Руки он ей давил, щупал и все тело.
А неверна о всем том весьма веселилась!
Велика сила подлинного искусства: Наташка покинула огород с огурцами и репой — бежала от солдата под кров поэта, под сень лирики его и нищеты праведной. Остался солдат полка гренадерского в доме на стороне Выборгской — одинок, как перст, имея при себе ружье, пулей заряженное, и штоф водочный стекла мутного. Ходил он по утрам с ружьем в казарму, где артикулы разные вытворял, а вечерами шлялся со штофом в заведения питейные.

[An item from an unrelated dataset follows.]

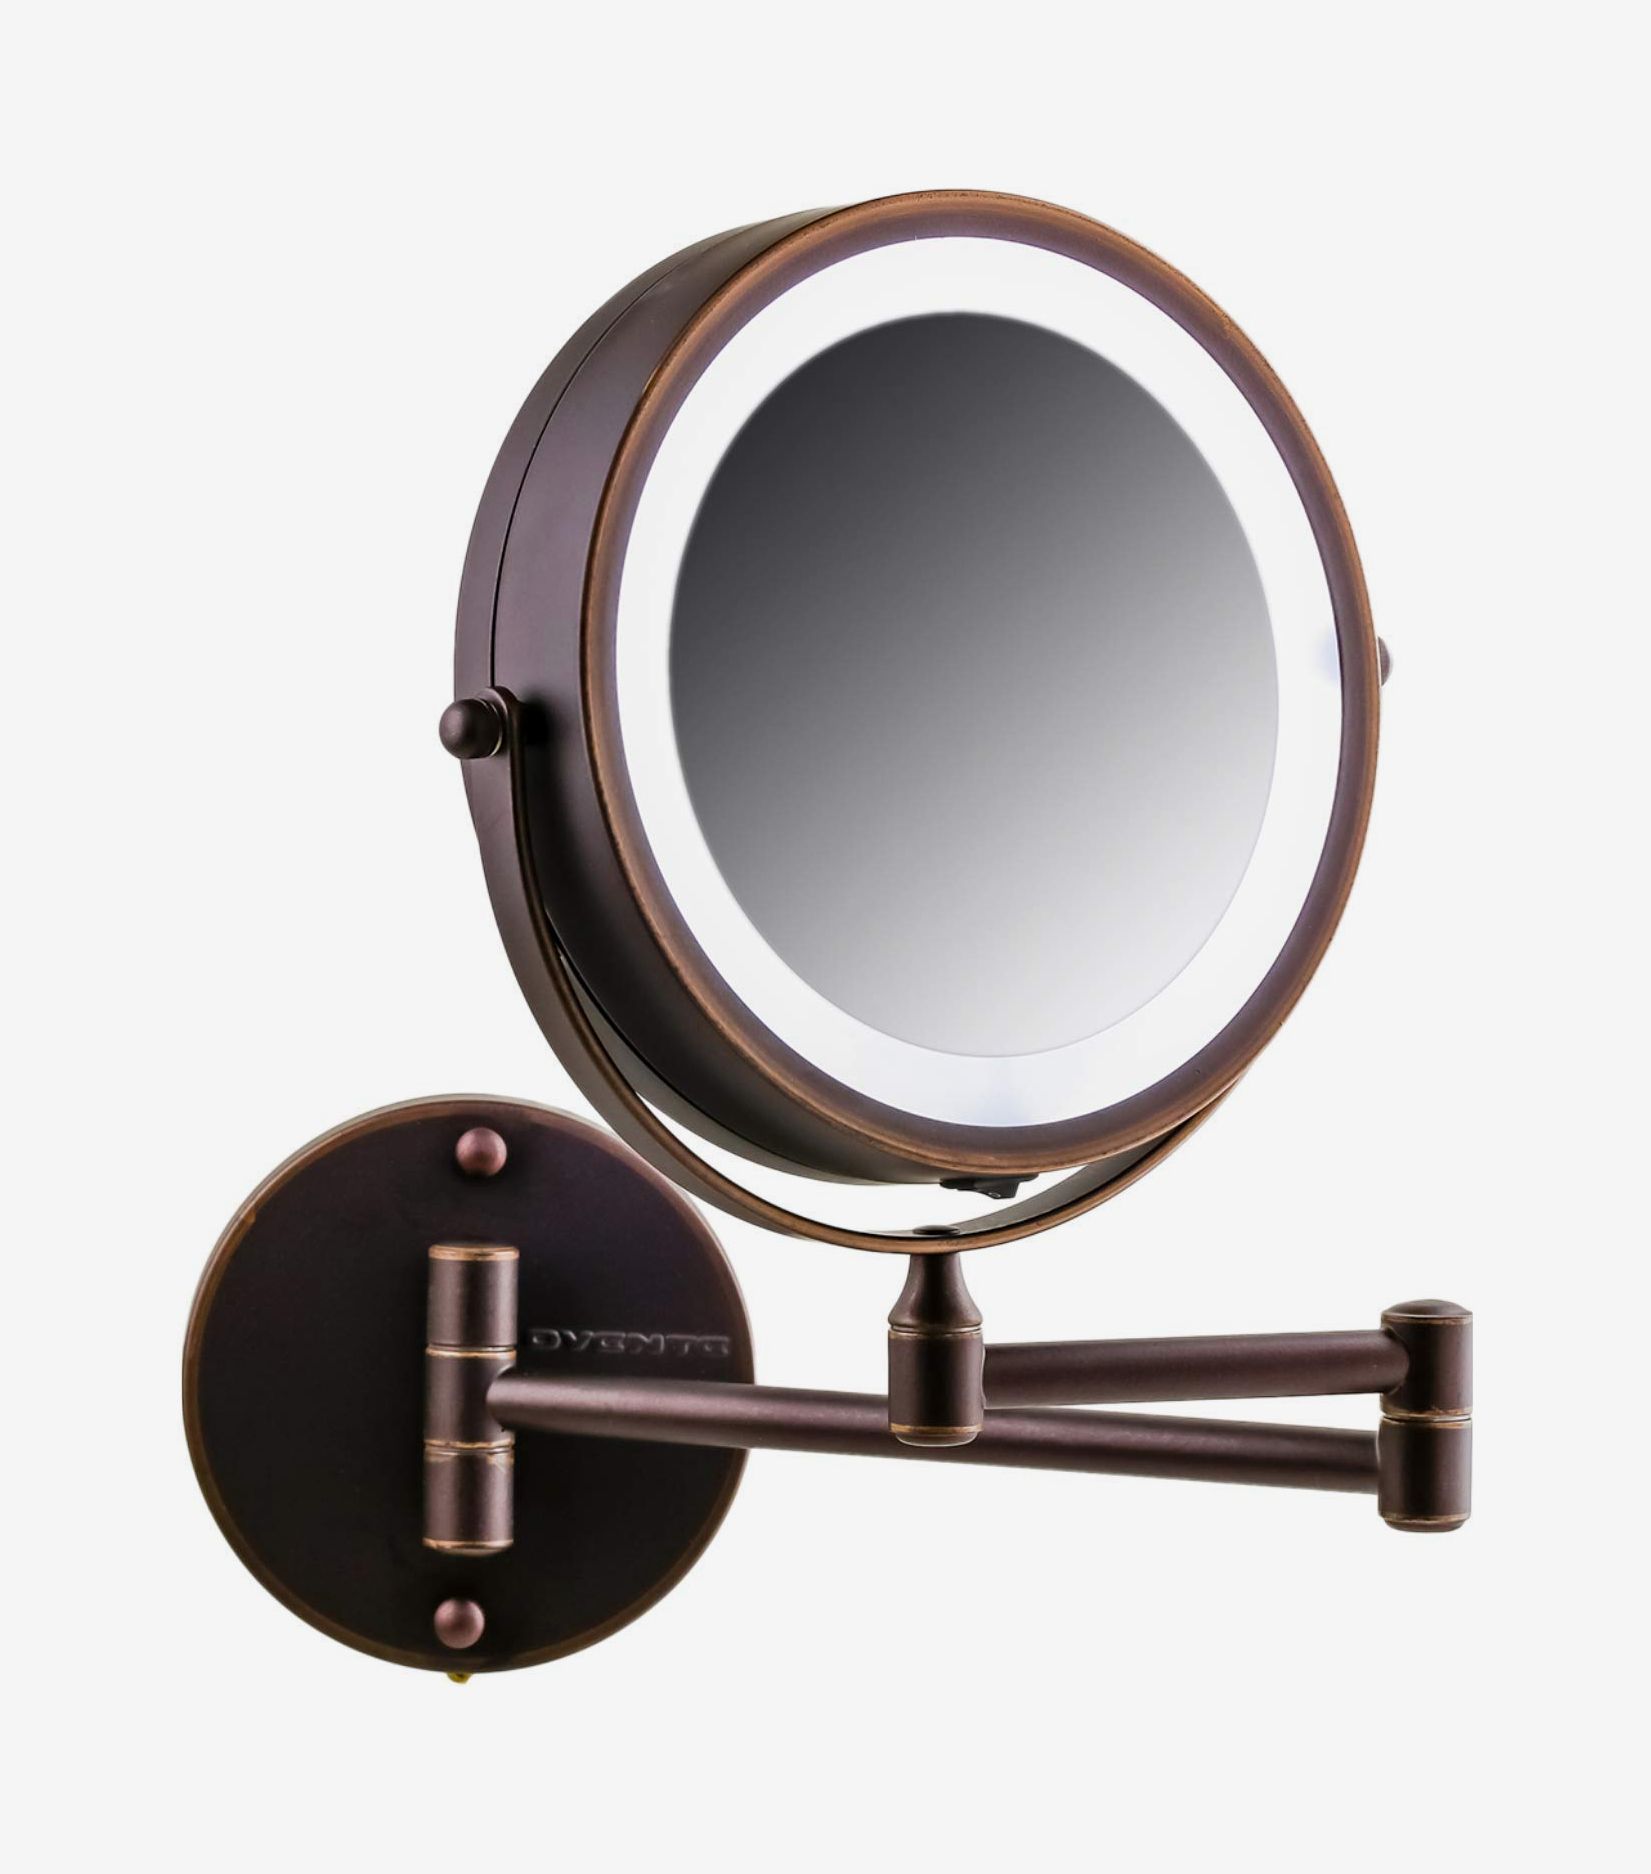 14 Best Lighted Makeup Mirrors 2022, Best High Magnification Makeup Mirrors

У тоски своей зеленой часто спрашивал гренадер:
— Это как же так? Опять же, ежели она так, то я-то как?
Да. Можно солдату посочувствовать (опять же стихами):
И хотя страсть прешедша чрез нечто любовно
Услаждает мне память часто и способно,
Однак сие есть только
Как сон весьма приятный,
Кого помнить не горько,
Хоть обман его знатный…
— Убью, стерррва-а, — рычал солдат над штофом пустым…
С Выборгской стороны повадился он навещать по ночам остров Васильевский.
Вышибал солдат двери жилья поэтического. Наташку свою богом попрекал, обещая с жалования повойник ей справить, если от поэта уйдет. Тредиаковский в ночи осадные сидел ни жив ни мертв. Наташка тоже по чердакам пряталась. А снаружи бушевал солдат, и дверь плясала под могучим плечом гренадерским.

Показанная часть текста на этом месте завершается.